Related objects such as cars, clothing, a bed, a wallet, purse, jewelry

You get the idea. So, with emotions tearing at your heart, you finish your story. Now the pill begins its work. Fast forward one week and you are back in the lab with the therapist who asks you to now recount the story. As you begin, you feel a little anxious because the story has come up a lot during the past week. You plunge into the heart of the story and surprisingly find that somehow the negative emotions that always went along with it are much less intense. You continue with the story and find that the events have somehow become distant. Those terrible things happened, but now they seem almost in another lifetime. After some additional discussion with the therapist you walk out the door of the lab. How do you feel? Did it work the way you hoped it would?

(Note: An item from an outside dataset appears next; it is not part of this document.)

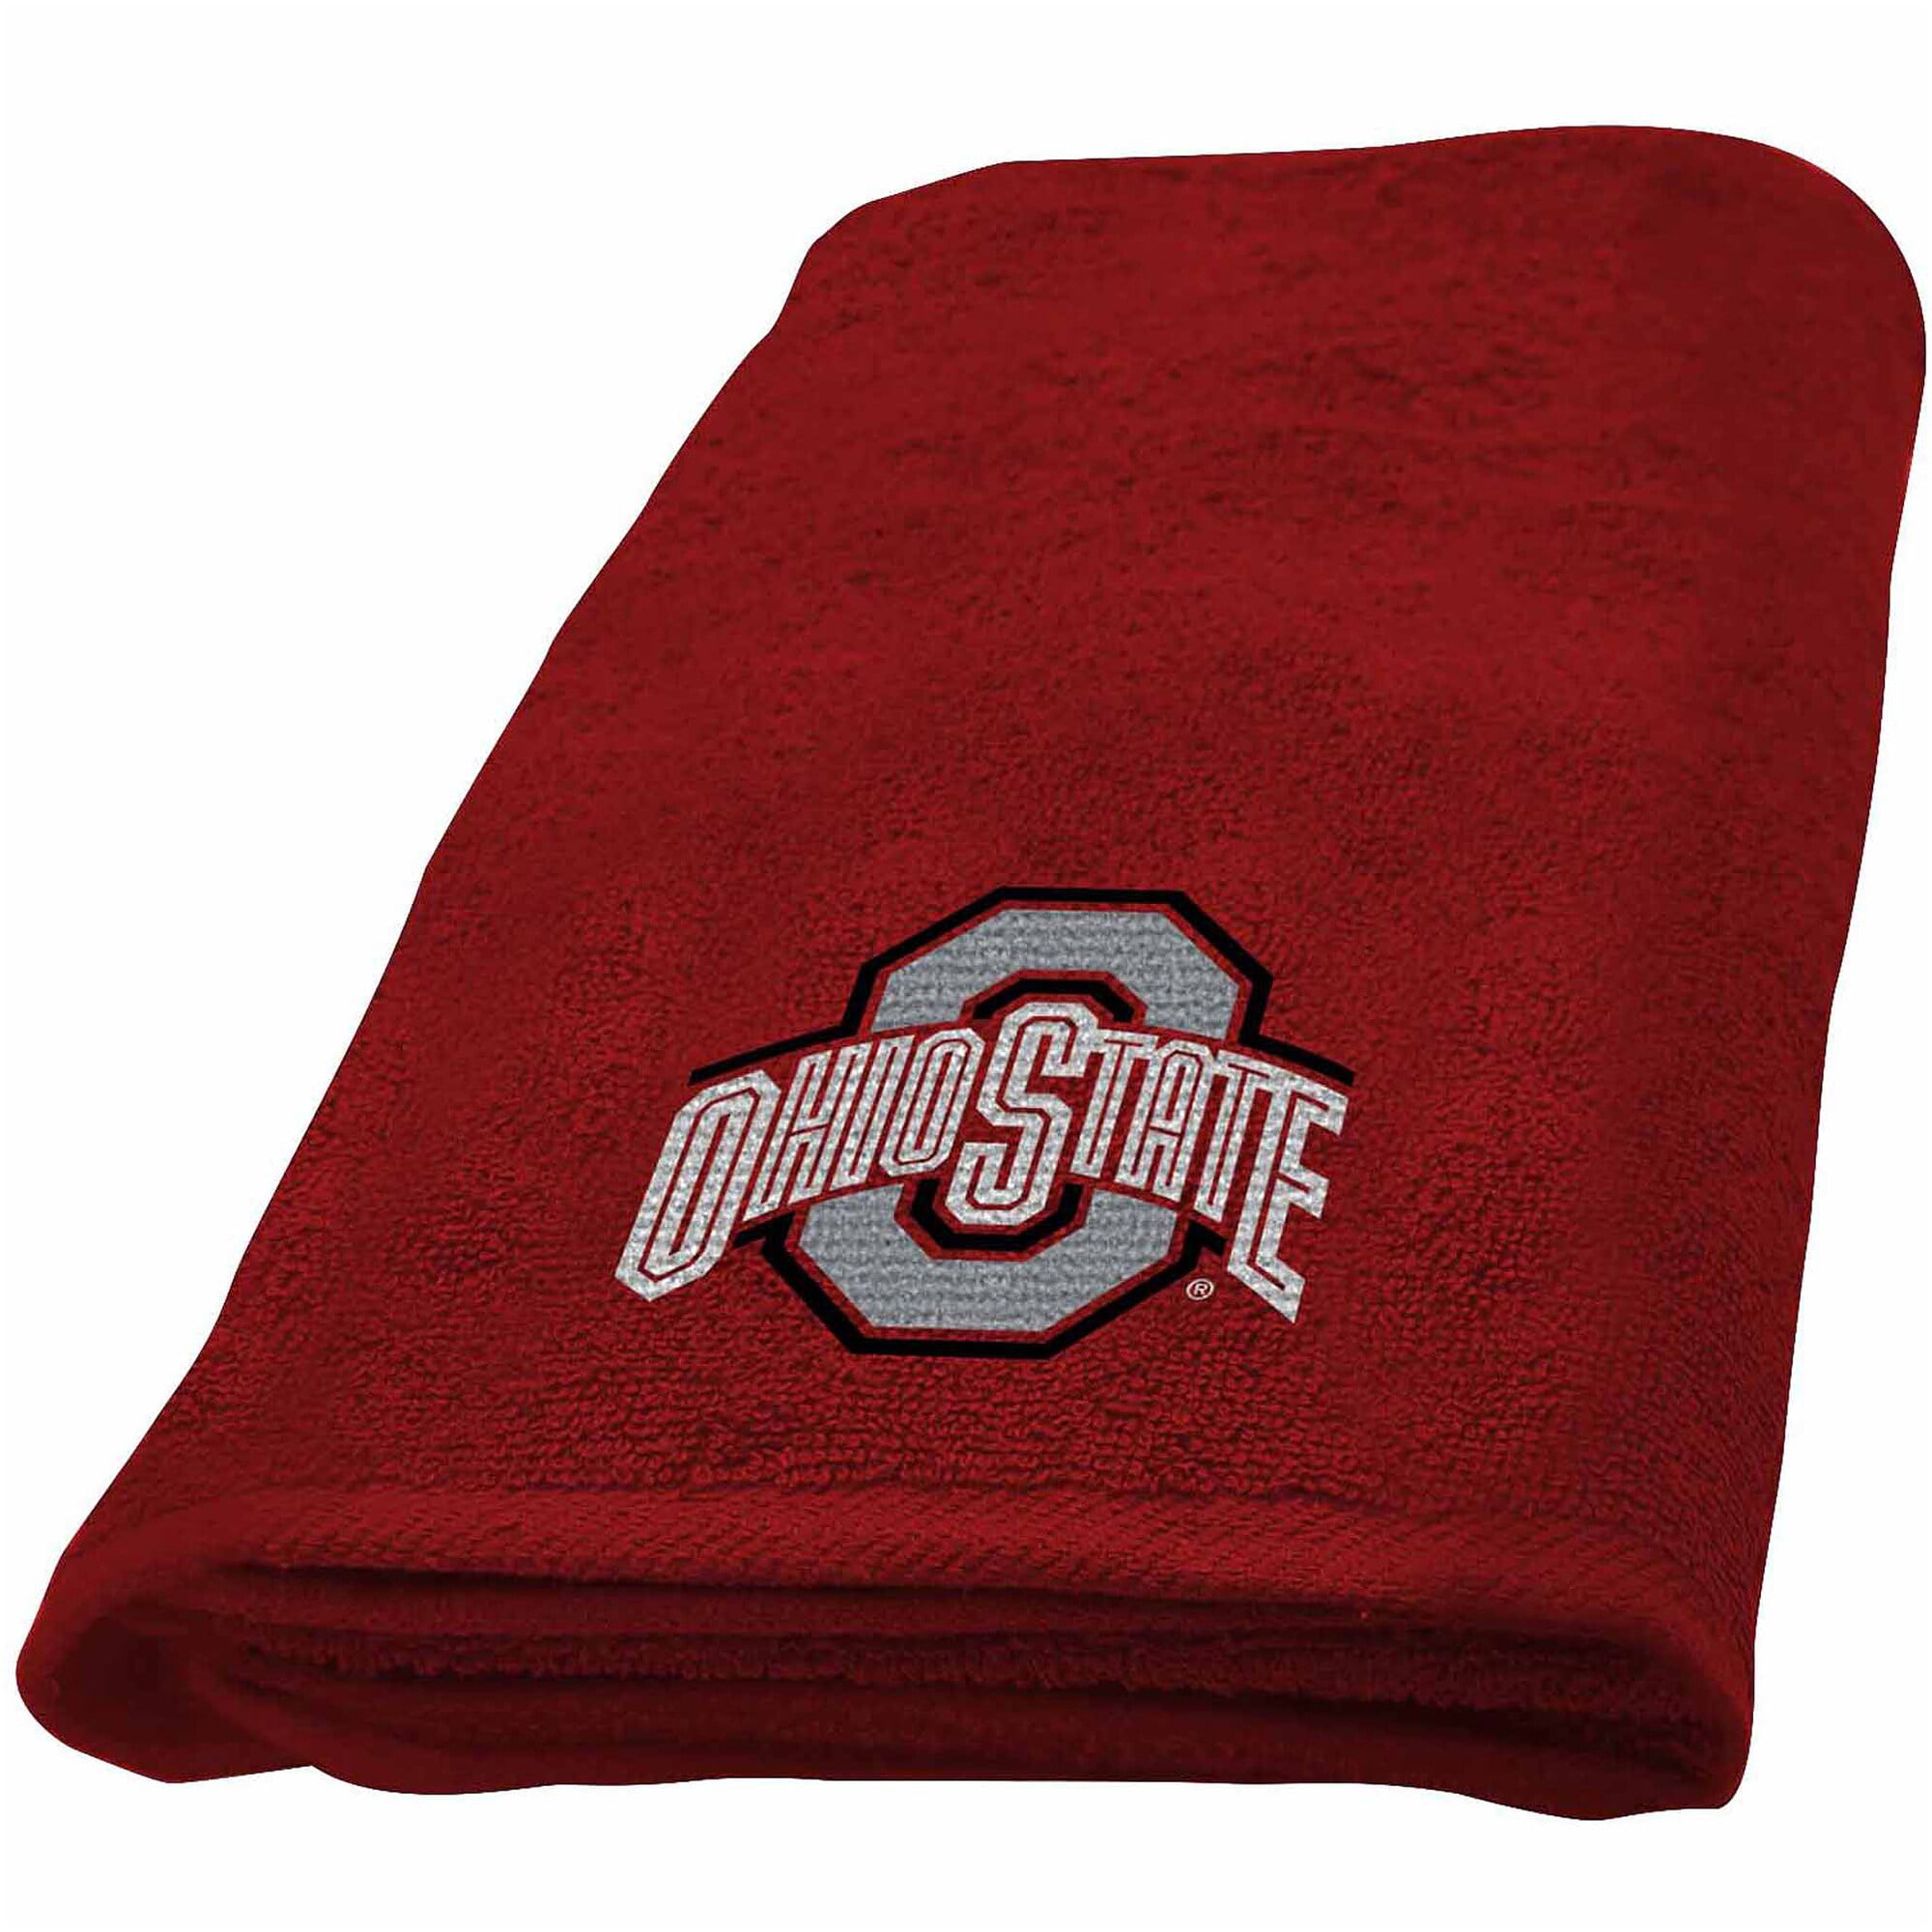 McArthur Ohio State Buckeyes Workout Exercise Towel

Research has yielded few physical side effects of Propranolol. But what about the psychological side effects of a pill that can reduce the emotional response to bad memories? The research in this area will not be final until hundreds of people are tested with short- and long-term follow-ups. For example, will the pill and accompanying therapy be capable of excising only those slices of memory that we consider negative? What if some positive emotions associated with the memories of our loved ones are also reduced? It appears that the process is non-reversible. And what about the concept of “Griefwork”—the idea that, in order to “get better” you must somehow work through your grief by confronting the painful reminders associated with your loved one’s death. If we can circumvent this work, have we really moved forward with the grief process?


Think about the past and the thousands of years that billions of people on this planet have grieved the deaths of their loved ones. Now, for the first time in human history, we have a new way to grieve—by altering the chemistry of our brain. Next, think about the future. The year is 2020—only 10 years from now. In that year alone there will be approximately 2.5 million deaths in the U.S. If each of these people had at least 10 close loved ones, it would mean that 25 million people would be candidates for the pill. What kind of world would it be? Would all twenty-five million people seek to reduce their grief or would some choose to do it the old fashion way while others would overdose, taking pills for every conceivable negative memory? Or would we again find that the human brain is too complex to be repaired by a pill? Stay tuned. If I’m still around in 2020, I’ll revisit this topic again.

Until then, I wish you happy memories.